Quick Start¶

This session covers topics:

a forecast task on iclaims dataset
a simple Bayesian ETS Model using CmdStanPy
posterior distribution extraction
tools to visualize the forecast

Load Library¶

[1]:

%matplotlib inline
import matplotlib.pyplot as plt

import orbit
from orbit.utils.dataset import load_iclaims
from orbit.models import ETS
from orbit.diagnostics.plot import plot_predicted_data

[2]:

print(orbit.__version__)

1.1.4.6

Data¶

The iclaims data contains the weekly initial claims for US unemployment (obtained from Federal Reserve Bank of St. Louis) benefits against a few related Google trend queries (unemploy, filling and job) from Jan 2010 - June 2018. This aims to demo a similar dataset from the Bayesian Structural Time Series (BSTS) model (Scott and Varian 2014).

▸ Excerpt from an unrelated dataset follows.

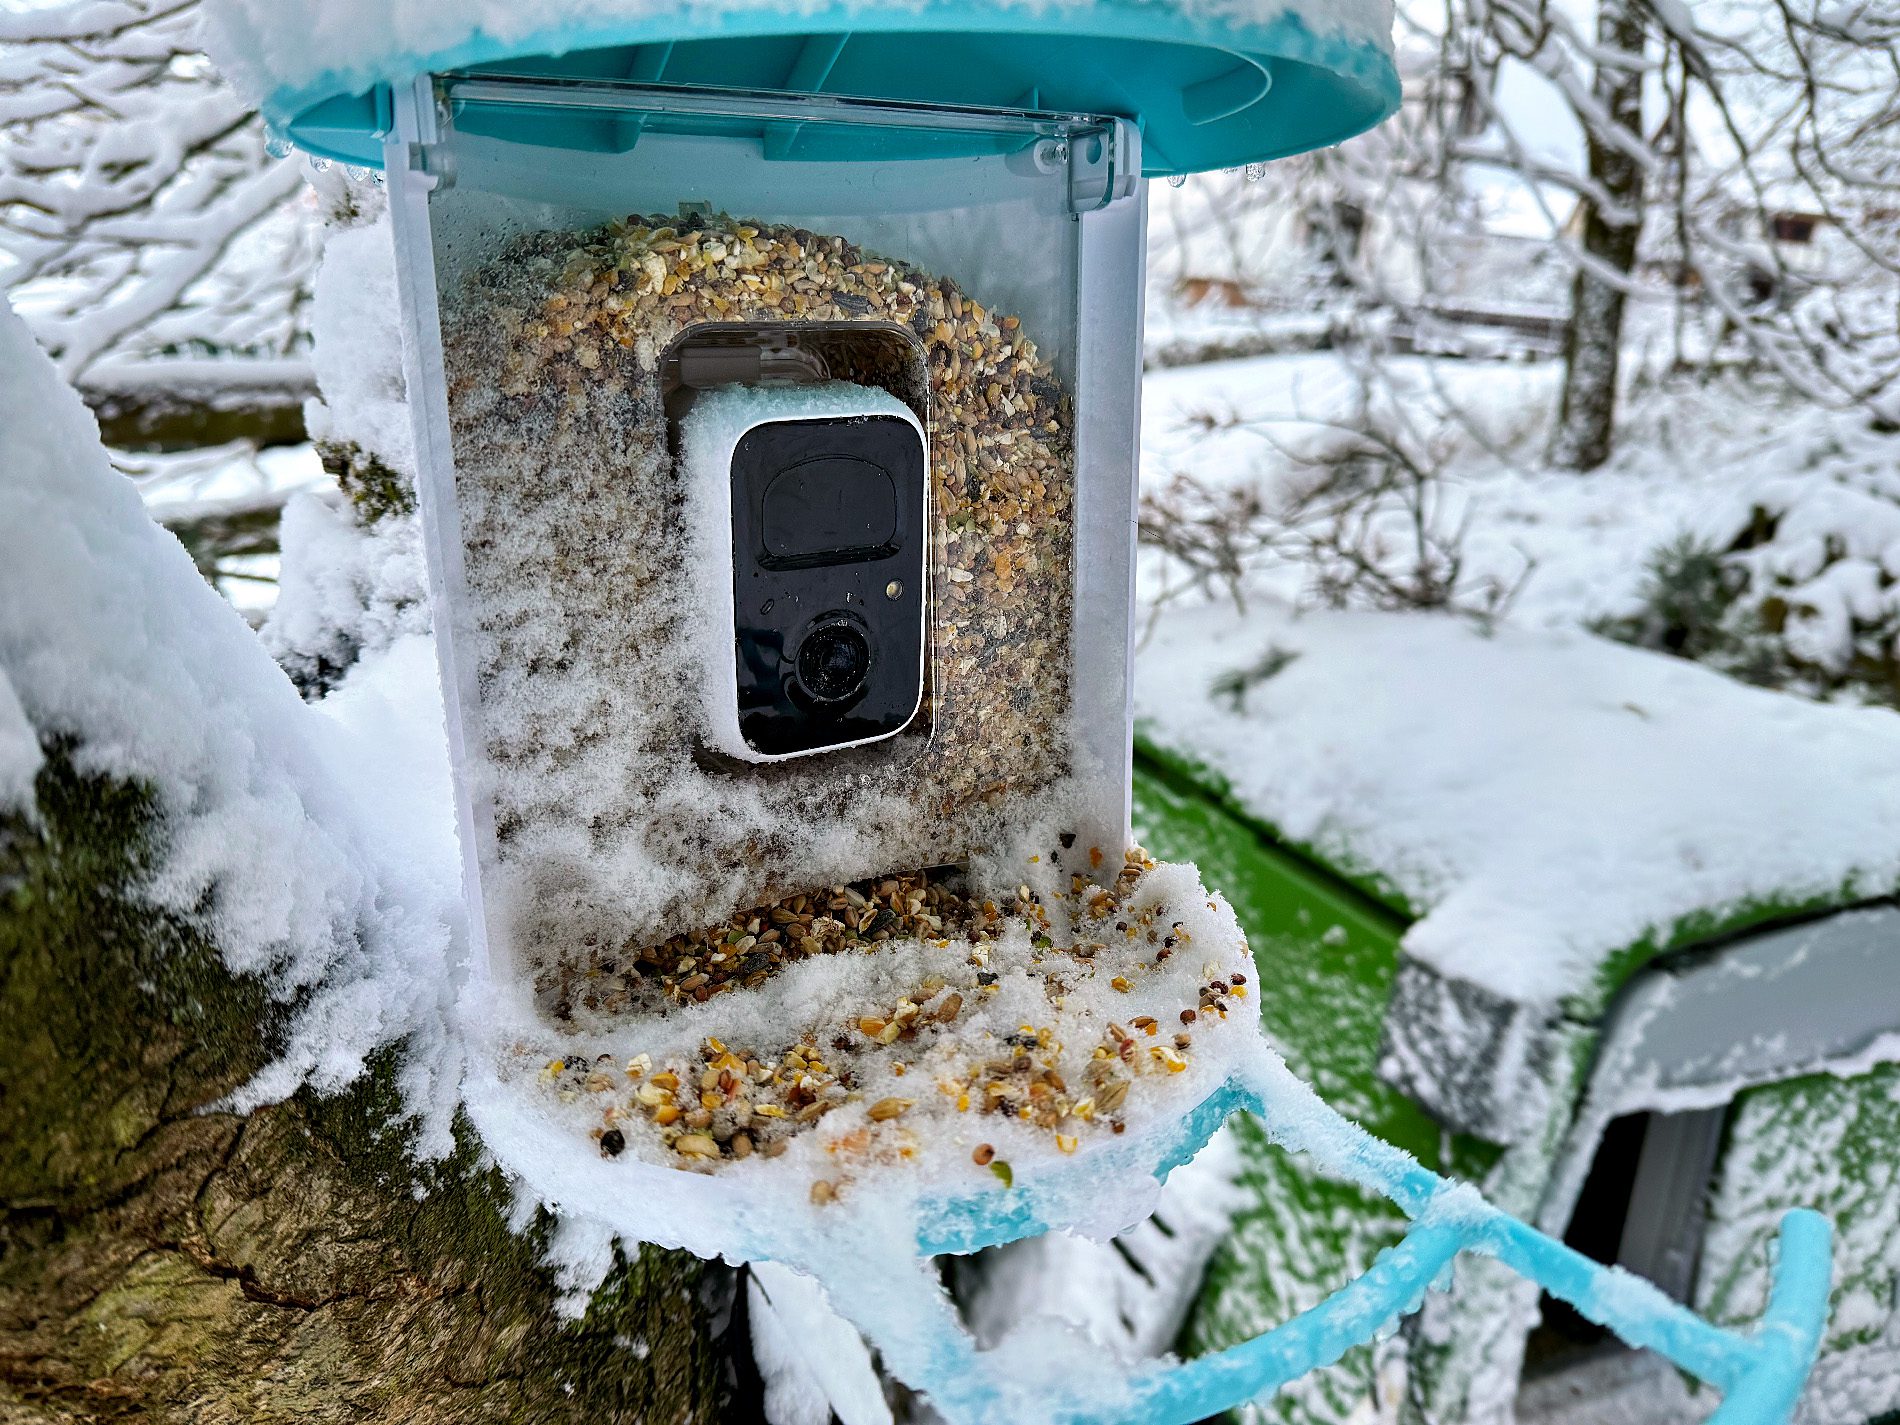 Minustemperaturen, Schnee und Eis haben dem Vogelfutterhäuschen und vor allem der Kamera nichts anhaben können (Fotos: Sir Apfelot).

Note that the numbers are log-log transformed for fitting purpose and the discussion of using the regressors can be found in later chapters with the Damped Local Trend (DLT) model.

[3]:

# load data
df = load_iclaims()
date_col = 'week'
response_col = 'claims'
df.dtypes

[3]:

week              datetime64[ns]
claims                   float64
trend.unemploy           float64
trend.filling            float64
trend.job                float64
sp500                    float64
vix                      float64
dtype: object

[4]:

df.head(5)

[4]:

	week	claims	trend.unemploy	trend.filling	trend.job	sp500	vix
0	2010-01-03	13.386595	0.219882	-0.318452	0.117500	-0.417633	0.122654
1	2010-01-10	13.624218	0.219882	-0.194838	0.168794	-0.425480	0.110445
2	2010-01-17	13.398741	0.236143	-0.292477	0.117500	-0.465229	0.532339
3	2010-01-24	13.137549	0.203353	-0.194838	0.106918	-0.481751	0.428645
4	2010-01-31	13.196760	0.134360	-0.242466	0.074483	-0.488929	0.487404

Train-test split.

[5]:

test_size = 52
train_df = df[:-test_size]
test_df = df[-test_size:]

Forecasting Using Orbit¶

Orbit aims to provide an intuitive initialize-fit-predict interface for working with forecasting tasks. Under the hood, it utilizes probabilistic modeling API such as CmdStanPy and Pyro. We first illustrate a Bayesian implementation of Rob Hyndman’s ETS (which stands for Error, Trend, and Seasonality) Model (Hyndman et. al, 2008) using CmdStanPy.

[6]:

ets = ETS(
    response_col=response_col,
    date_col=date_col,
    seasonality=52,
    seed=2024,
    estimator="stan-mcmc",
    stan_mcmc_args={'show_progress': False},
)

[7]:

%%time
ets.fit(df=train_df)

2024-03-19 23:42:10 - orbit - INFO - Sampling (CmdStanPy) with chains: 4, cores: 8, temperature: 1.000, warmups (per chain): 225 and samples(per chain): 25.

CPU times: user 42.9 ms, sys: 24.3 ms, total: 67.2 ms
Wall time: 613 ms

[7]:

<orbit.forecaster.full_bayes.FullBayesianForecaster at 0x2a5274b50>

[8]:

predicted_df = ets.predict(df=test_df)

[9]:

_ = plot_predicted_data(train_df, predicted_df, date_col, response_col, title='Prediction with ETS')

../_images/tutorials_quick_start_16_0.png

Extract and Analyze Posterior Samples¶

Users can use .get_posterior_samples() to extract posterior samples in an OrderedDict format.

[10]:

posterior_samples = ets.get_posterior_samples()
posterior_samples.keys()

[10]:

dict_keys(['l', 'lev_sm', 'obs_sigma', 's', 'sea_sm', 'loglk'])

The extracted parameters posteriors are pretty much compatible diagnostic with arviz. To do that, users can set permute=False to preserve chain information.

[11]:

import arviz as az

posterior_samples = ets.get_posterior_samples(permute=False)

# example from https://arviz-devs.github.io/arviz/index.html
az.style.use("arviz-darkgrid")
az.plot_pair(
    posterior_samples,
    var_names=["sea_sm", "lev_sm", "obs_sigma"],
    kind="kde",
    marginals=True,
    textsize=15,
)
plt.show()

../_images/tutorials_quick_start_21_0.png

For more details in model diagnostics visualization, there is a subsequent section dedicated to it.